Lowell Sun photo
From left, Jim Neary, Matt McCafferty, John O'Donnell, Brian Sheehan, Ray Crowe and Ken O'Neill.

11/04/2014
Lowell Sun
By Amelia Pak-Harvey

LOWELL -- Growing up in the Sacred Heart neighborhood, they were known as "the churchyard boys" -- they attended services at the Sacred Heart Parish, played sports in the church's backyard and finished eighth grade at the Sacred Heart Grammar School.

Nearly 50 years later, the church and its yard are the site of new condominiums, but the group of childhood friends are coming together to keep the memory of their youth alive.

With the help of various sponsors, six of the original churchyard boys are establishing a Sacred Heart Neighborhood scholarship for Lowell natives at UMass Lowell, where they all attended college.

"That is our hometown school," said Matt McCafferty, husband of UMass Lowell Vice Chancellor of University Relations Patricia McCafferty and one of the scholarship's founding trustees. "Even now, we're still kind of hometown guys, and that's important to us."

The trustees acknowledge the rising cost of a college education -- when they were in college in the '70s, tuition was about $300 a semester and they could pay for their entire tuition with one job.

For trustee John O'Donnell, a co-op at his current employer, Raytheon Co., paid for his education.

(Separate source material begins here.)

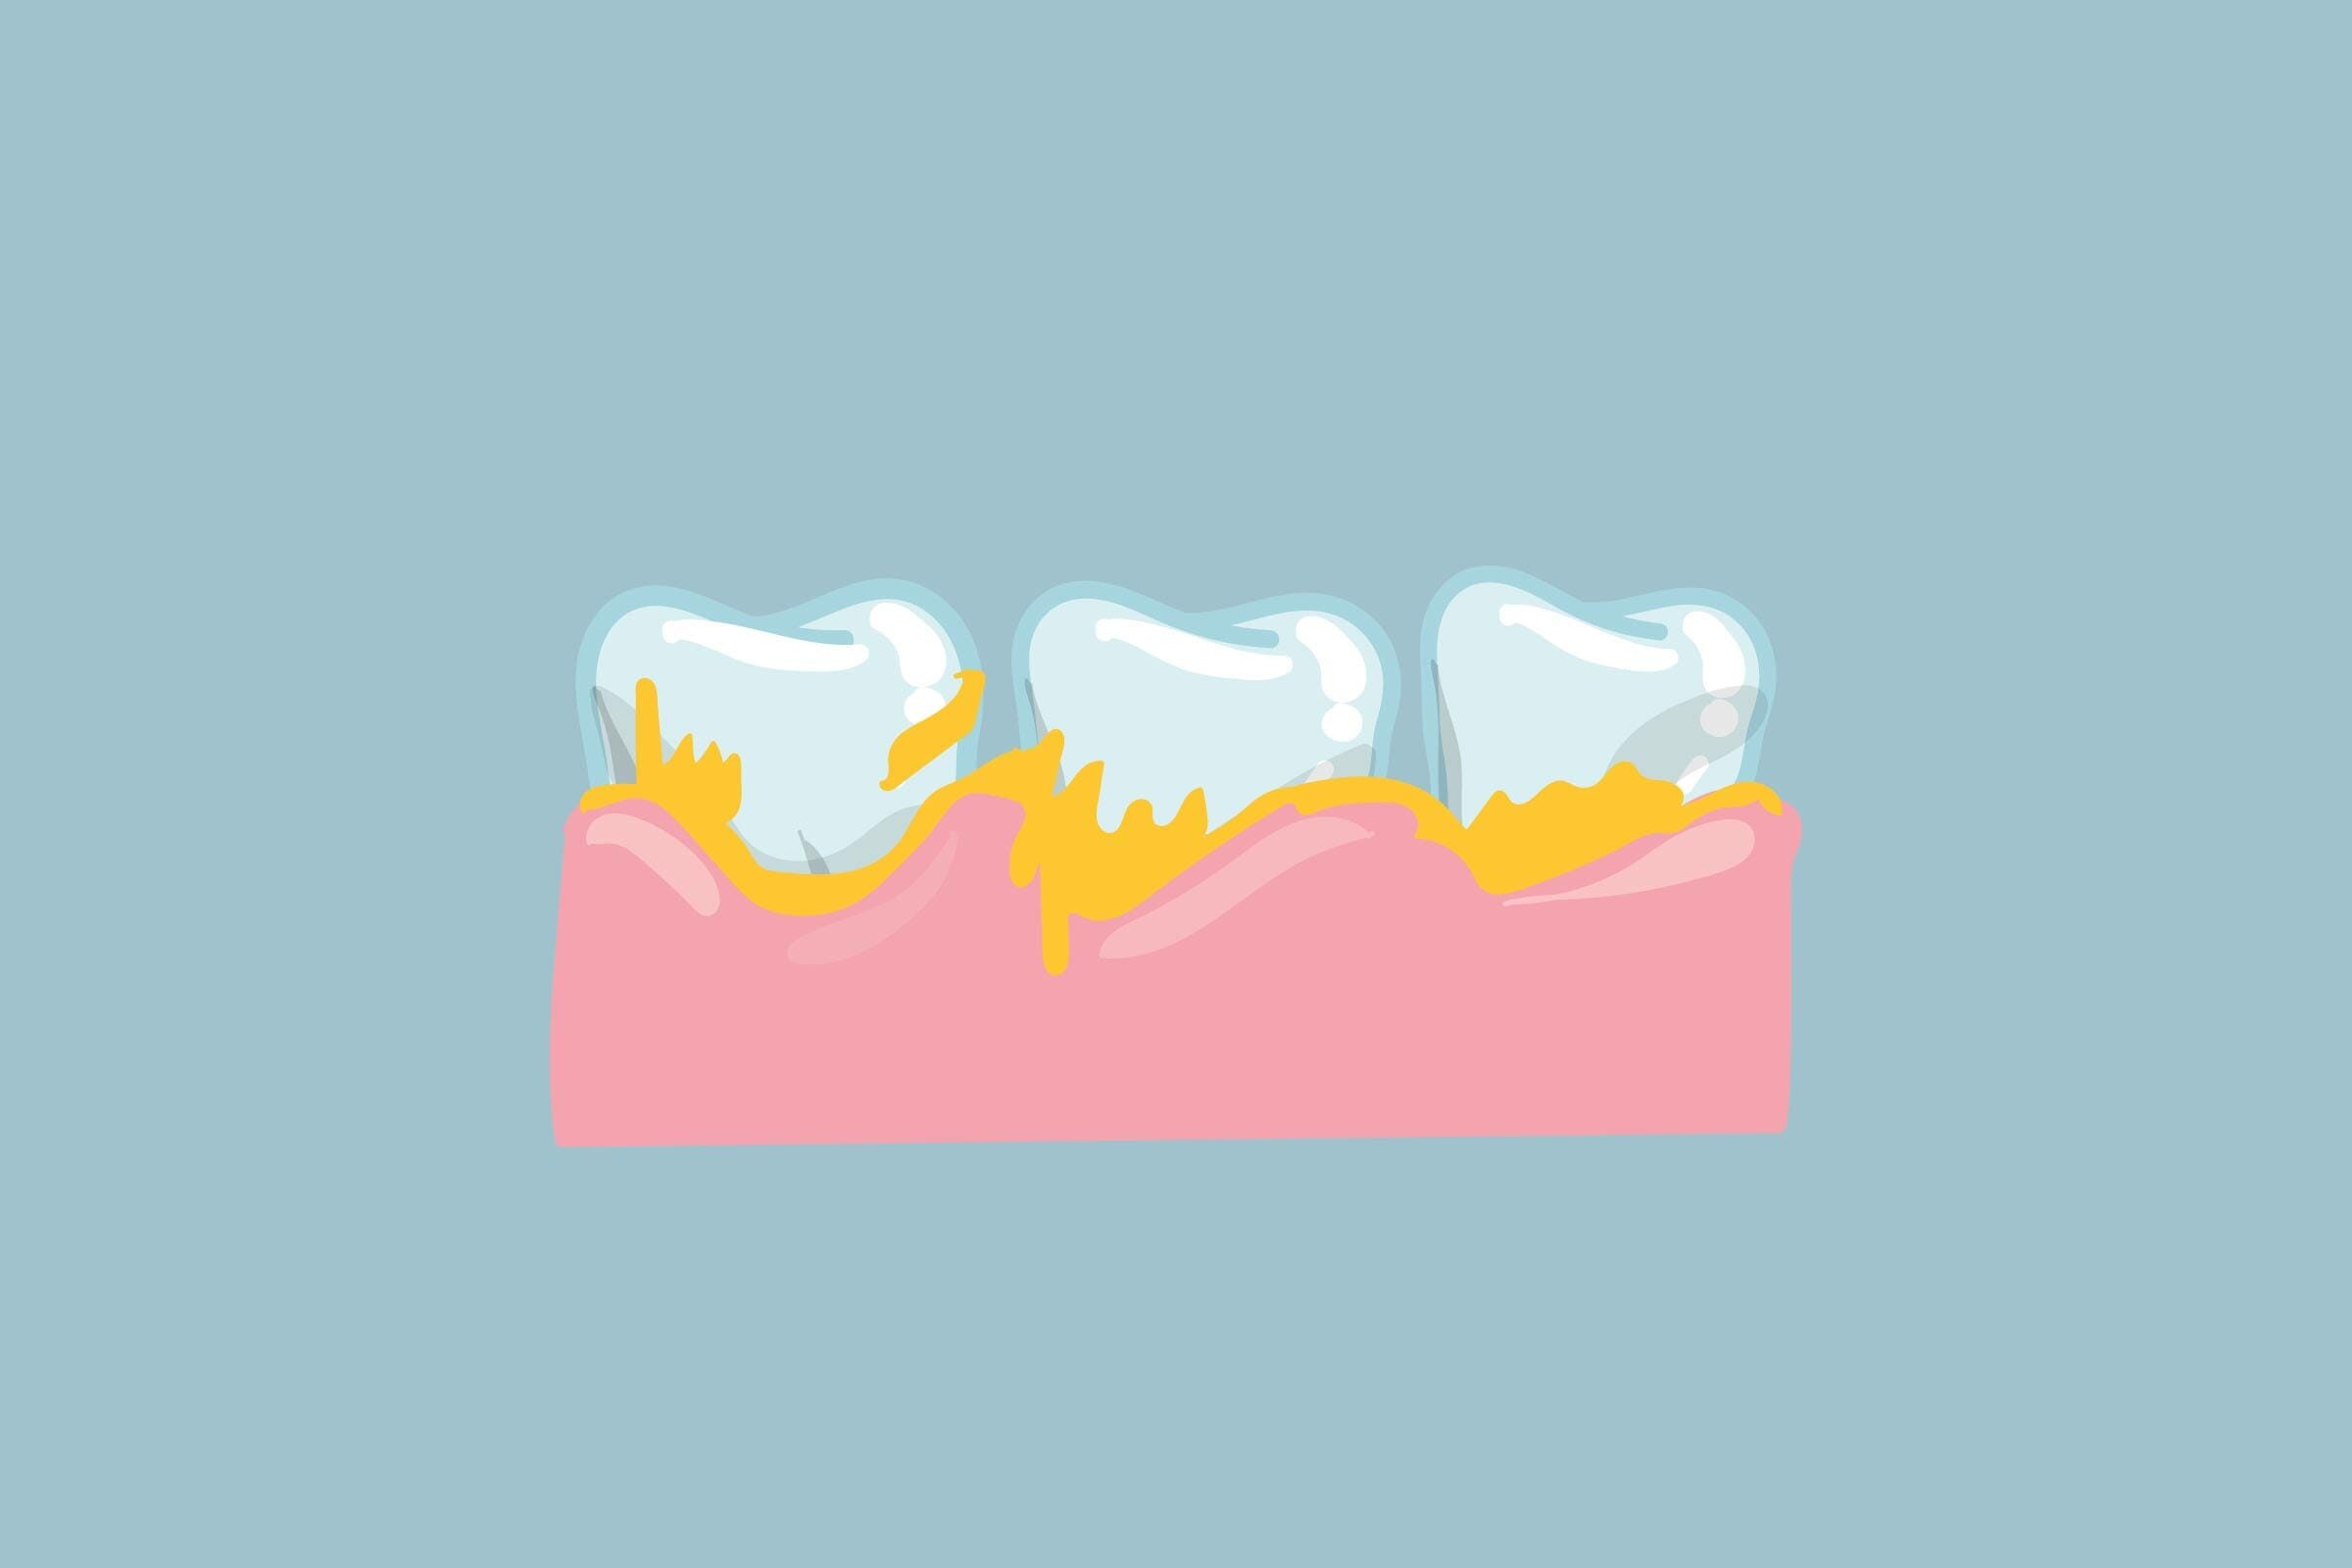 teeth with plaque buildup
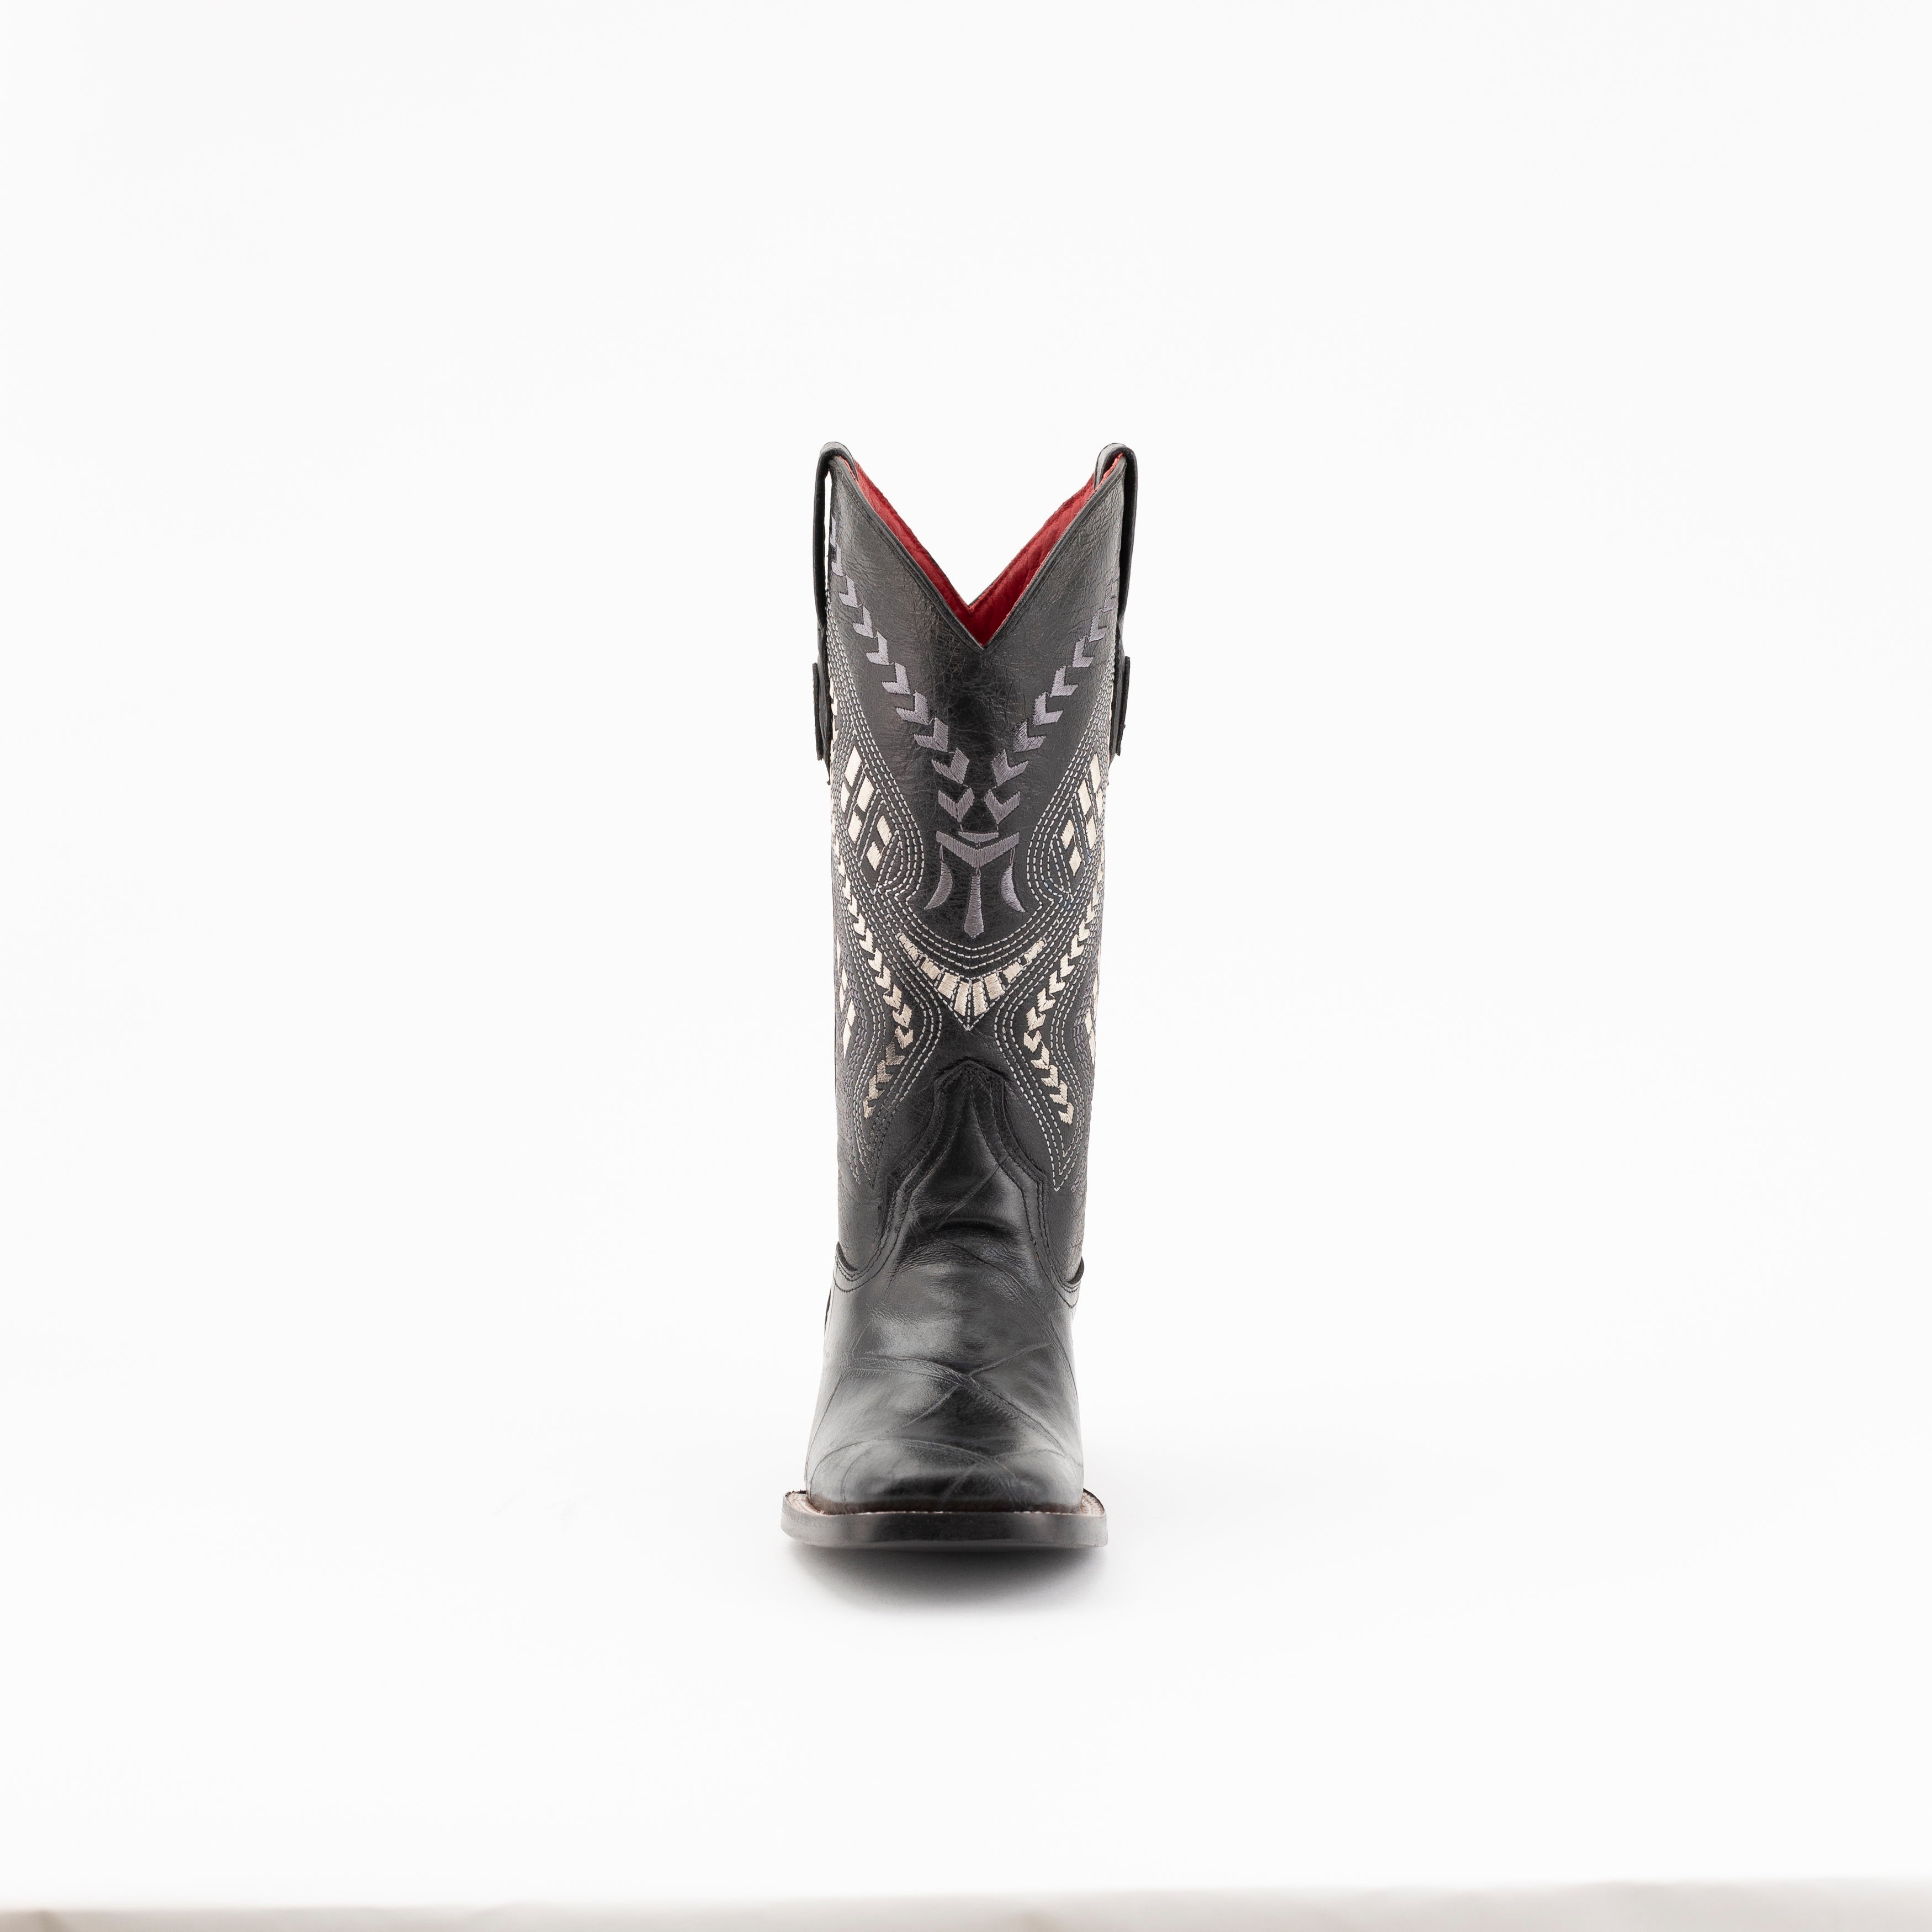 Ferrini USA Jesse Ladies' Boots

Trustee Ken O'Neill worked as a paper carrier for The Sun.

Meanwhile, Sheehan worked in a downtown Lowell store.

"That's how my education was paid for," Sheehan said. "But you can't do that today."

The churchyard gang, which also includes alumni Ray Crowe and James Neary, hopes to begin an endowment of more than $50,000 in the next five years.

The university will award the scholarship, which totals 4 percent of the endowment fund each year, to students from Lowell who demonstrate financial need.

Preference is given to first-generation college students, because the founders were among the first in their families to go to college.

"I don't think any of us came from money, and we had multiple brothers and sisters," Sheehan said. "But we came to this school at a time when education was attainable, and now it's a lot harder."

UMass Lowell junior Ricardo Torres, who came to the U.S. from Puerto Rico at age 12, is the first to receive the scholarship this year. He's studying Spanish with a minor in education, with the hopes of becoming a middle-school Spanish teacher.

The $1,000 he received is a big help, he said.

"Financially, I always have a tough time," he said. "But with people like this helping people like me achieve the goals that we have, it's an honor to have people that care like that."

Torres, who runs on the school's track and cross-country teams, said coming to UMass Lowell was the best decision he has made.

"Since I was the first-generation college student from my family, I wanted to stay close to home," he said. "I just wanted to stay close to my younger brother to help him out whenever he needed anything, and just stay close to my mom."

Torres' mother reminds him he's setting an example for his brother, a junior at Lowell High.

"My mom always shoots me a text message in the middle of the night and she's just always like, 'It's probably tough right now, you have a rough time, but at the end you're going to come out on top,'" he said. "'You're just laying down the road for your brother to take.'"

The trustee group appreciates their humble beginnings in the Irish Catholic, working-class neighborhood that had Sacred Heart at its core.

They remember playing in Little League baseball and listening to the Sacred Heart band practice every Monday.

"I think we're very lucky, fortunate people," O'Donnell said. "There's other communities that don't have, I think, what we had. I say that sincerely. We have great friendship and the community that we were in was fantastic."

Their older brothers and sisters hung out with each other as what O'Donnell said was one great big family.

"We all knew everybody's families," he said. "I truly believe we were all an extension of a real big family."

When they graduated from Sacred Heart Grammar School, five of the six continued to Lowell High.

Now with their own children, the group reconnects over UMass Lowell hockey games, where McCafferty first mentioned the idea. 

"When Matt came up with an idea for a scholarship and being able to give back, I think we were all immediately excited to do it," Sheehan said.

This Saturday, the group will host a fundraiser for the endowed scholarship at the UMass Lowell Inn & Conference Center. Tickets can be purchased at $50 online at alumni.uml.edu/sacredheartfundraiser or through the Alumni Office at 978-934-3140.

With ticket sales, donations and sponsorships, the scholarship is set to raise more than $30,000 -- an initiative that began with fond memories of childhood, initiated by a group of churchyard friends.

"No matter who you meet in the future in your life, no matter what acquaintances you make or friends you make in the future," Sheehan said, "nobody knows you like the guys you grew up with."